Eu costumava ver as mulheres que usavam véu como criaturas quietas e oprimidas – até que eu fui capturada pelo Talebã. Em setembro de 2001, apenas 15 dias depois dos ataques terroristas nos Estados Unidos, eu entrei furtivamente no Afeganistão, vestida com uma burca azul, pretendendo escrever um relato jornalístico da vida sob o regime repressivo. Ao invés disso fui descoberta, presa e detida por 10 dias. Eu cuspi e praguejei contra meus captores; eles me chamaram de mulher “má” mas me deixaram ir após eu prometer ler o Alcorão e estudar o Islã. (Francamente, eu não sei ao certo quem estava mais feliz com a minha libertação - eles ou eu.) De volta ao lar em Londres, eu mantive a minha palavra sobre estudar o Islã - e estava admirada com o que havia descoberto. Eu esperava capítulos do Alcorão sobre como bater em sua esposa e oprimir suas filhas; ao invés disso, encontrei passagens promovendo a liberação das mulheres. Dois anos e meio após a minha captura eu me converti ao Islã, provocando uma mistura de perplexidade, decepção e encorajamento entre amigos e parentes.

Agora, com desgosto e tristeza eu assisto aqui na Grã-Bretanha o ex-secretário do Exterior Jack Straw descrever o niqab islâmico – o véu que cobre a face e revela apenas os olhos – como uma barreira indesejável à integração, com o Primeiro-Ministro Tony Blair, o escritor Salman Rushdie e o Primeiro-Ministro italiano Romano Prodi correndo em sua defesa. Tendo estado em ambos os lados do véu, eu posso dizer que a maioria dos políticos e jornalistas ocidentais que lamentam a opressão das mulheres no mundo islâmico não têm idéia do que estão falando. Eles falam de véus, noivas-crianças, circuncisão feminina, crimes de honra e casamentos forçados, e erradamente culpam o Islã por tudo isso - sua arrogância superada apenas por sua ignorância. Essas questões e costumes culturais não têm nada a ver com o Islã. Uma leitura cuidadosa do Alcorão mostra que tudo pelo qual as feministas lutaram nos anos 70 estava disponível para as muçulmanas há 1.400 anos. As mulheres no Islã são consideradas iguais aos homens em espiritualidade, educação e valor, e o dom de uma mulher para ter filhos e educá-los é considerado um atributo positivo. Quando o Islã oferece tanto às mulheres, por que os homens ocidentais são tão obcecados com a vestimenta das muçulmanas? Até os ministros do governo britânico Gordon Brown e John Reid fizeram observações disparatadas sobre o niqab – e eles nasceram ao longo da fronteira escocesa, onde homens usam saias.

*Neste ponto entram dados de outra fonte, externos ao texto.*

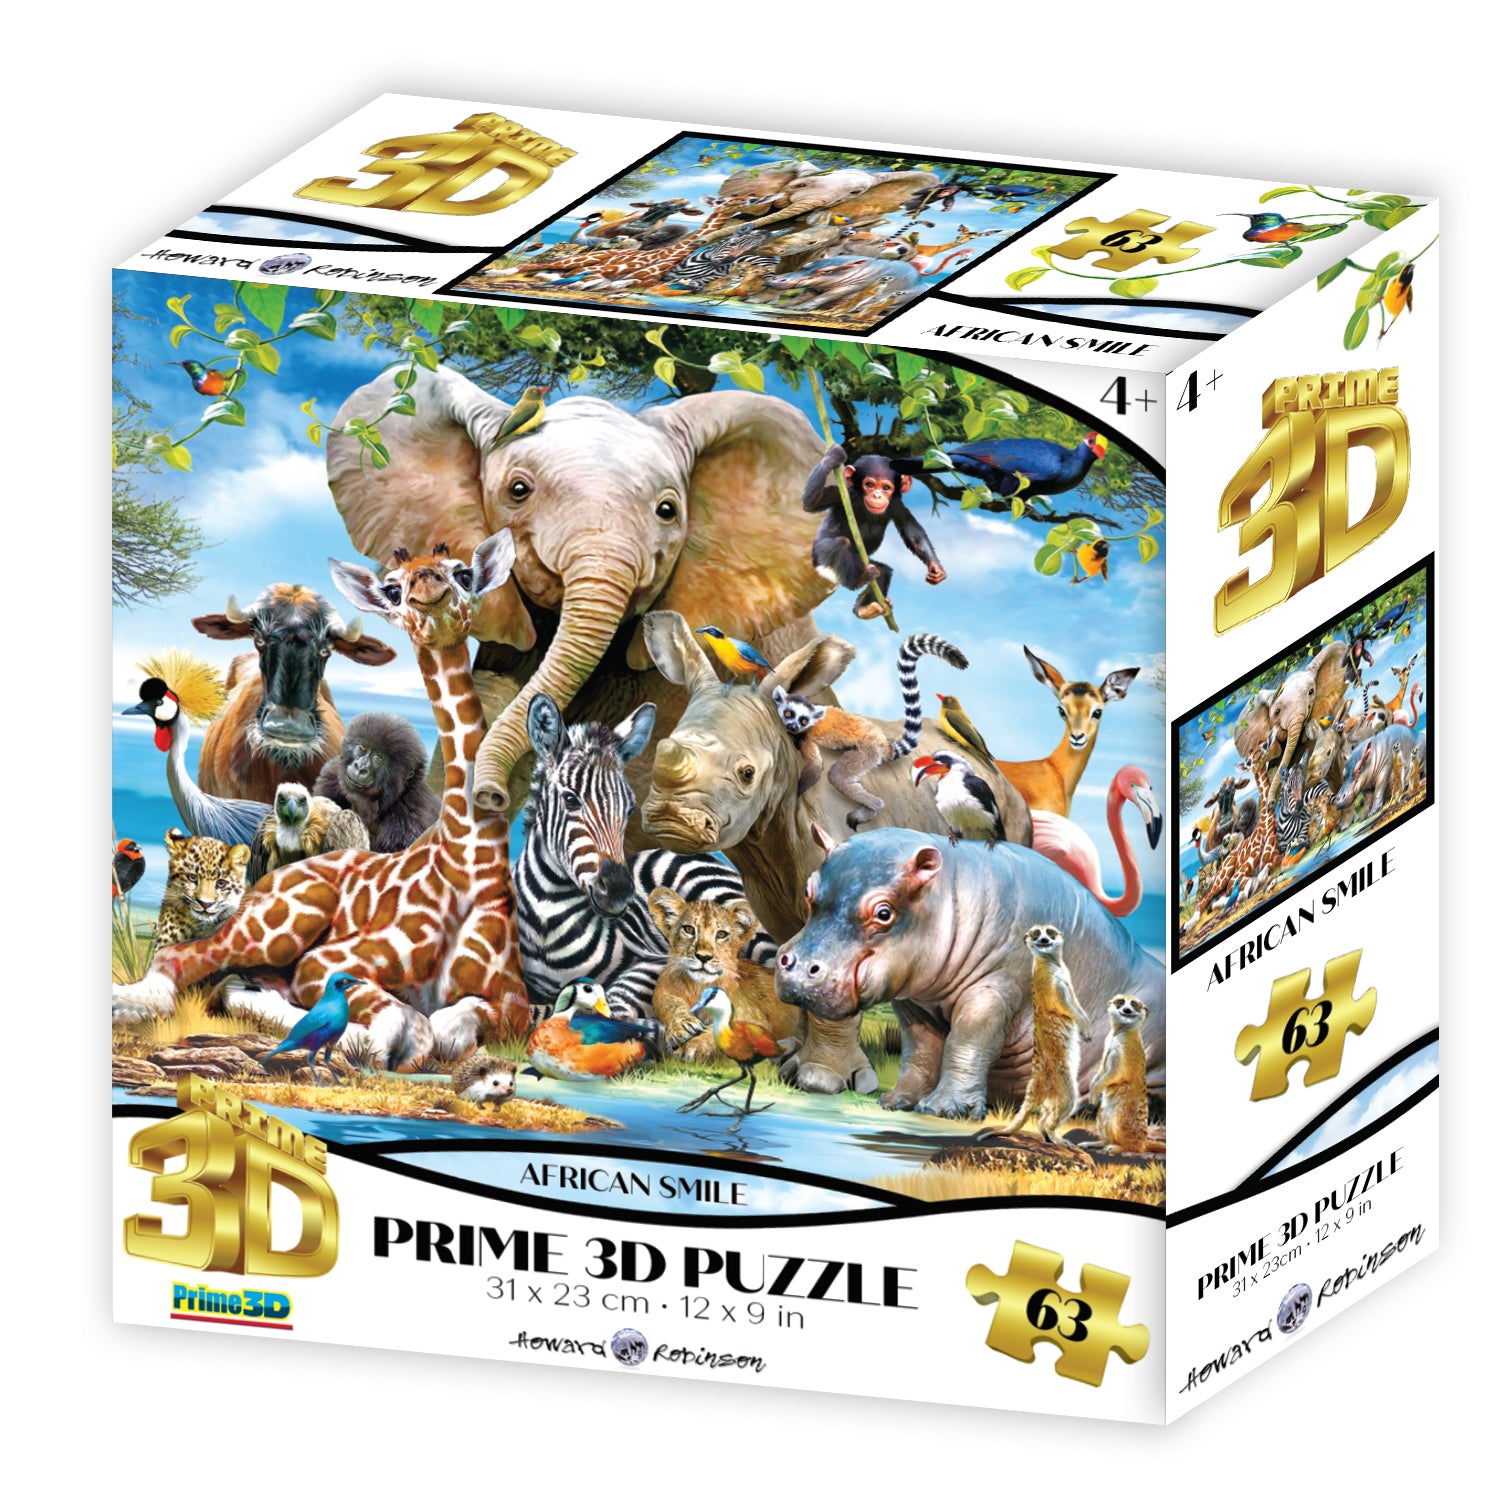 African Smile 63 piece 3D Jigsaw Puzzle - Chester Model Centre

Quando eu me converti ao Islã e comecei a usar um lenço na cabeça, as repercussões foram enormes. Tudo que fiz foi cobrir minha cabeça e cabelo – mas instantaneamente me tornei uma cidadã de segunda classe. Eu sabia que teria que lidar com islamofobia, mas não esperava tanta hostilidade aberta de estranhos. Táxis passavam por mim à noite, com suas luzes brilhando, indicando que estavam livres. Um taxista, depois de deixar um passageiro branco bem na minha frente, me encarou quando eu bati em sua janela, e foi embora. Um outro disse, “Não deixe uma bomba no banco de trás” e perguntou, “Onde é o esconderijo de bin Laden?” Sim, é uma obrigação religiosa para muçulmanas vestirem-se modestamente, mas a maioria das muçulmanas que conheço gosta de usar o hijab, que deixa o rosto descoberto, embora umas poucas prefiram o niqab. É uma declaração pessoal: minha vestimenta lhe diz que sou muçulmana e espero ser tratada de maneira respeitosa, tanto quanto um banqueiro de Wall Street diria que um terno o define como um executivo a ser levado a sério. E, especialmente entre convertidas à crença como eu, a atenção de homens que confrontam mulheres com comportamento inapropriado e malicioso não é tolerada.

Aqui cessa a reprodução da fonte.